There’s a parallel universe in the Gulf these days. In one, the water’s clear, the beaches clean and the seafood's as sublime as ever. The other is the one I witnessed last month, a world many fear may be closer to the truth.
I had been attending a rally—the Big Oil Panty Protest to be exact—in Grand Isle, ground zero for the BP oil assault and a spit of sand and beach town sticking out from Louisiana’s most southern coast. It was a beautiful Gulf morning when I decided to take a walk on the beach at Grand Isle State Park. The sand was warming and the ocean water was muddy but calm. A flock of seabirds gathered on a nearby sandbar. Except for an orange plastic fence blocking off part of the beach, all appeared normal. Several families and their children had plopped down their towels and umbrellas. The kids eagerly jumped in the waves.
But the beach scene was soon to change. A uniformed park ranger packing a 9 mm pistol and a broad-brimmed hat marched through the sand towards us, clearly on a mission. “Excuse me but everyone here needs to get off the beach,” he barked. “This beach is closed.”
The family vacationers approached the officer incredulously. “Why,” they asked. “We just got here. There aren’t any signs?”
“The beach is closed because there’s still oil and tar balls coming in,” the officer said in a polite but stern voice. “It’s not safe to be here.”

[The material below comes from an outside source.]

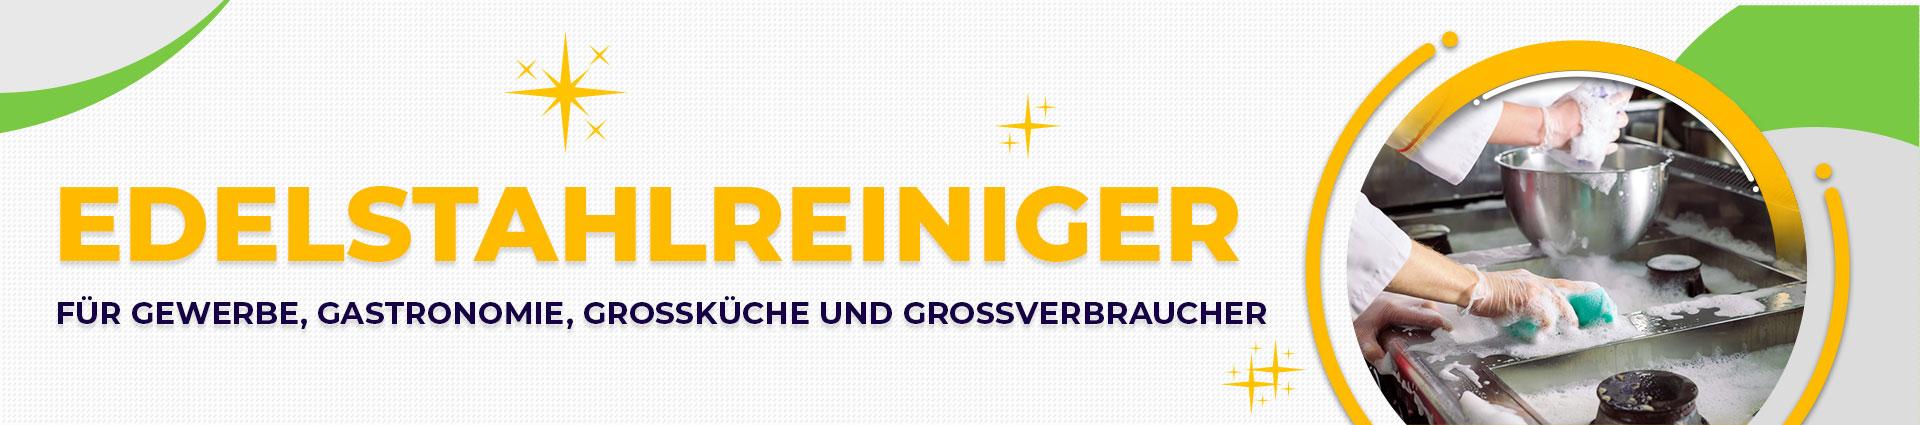 Edelstahlreiniger Banner

The families grudgingly packed up their beach gear, grabbed their kids and trudged back to their cars. “It looks fine to me,” one mother said. “It doesn’t seem right.”
But it was right. The officer told me later there were tar balls everywhere on the beach the day before. Locals say there are huge mats of hardened oil on the seabed just off the shoreline, pieces of which wash in with the tides daily. Locals take pictures of dead birds and animals they say they’ve never seen before, and those are just the ones the beach crews miss when they comb the area every morning.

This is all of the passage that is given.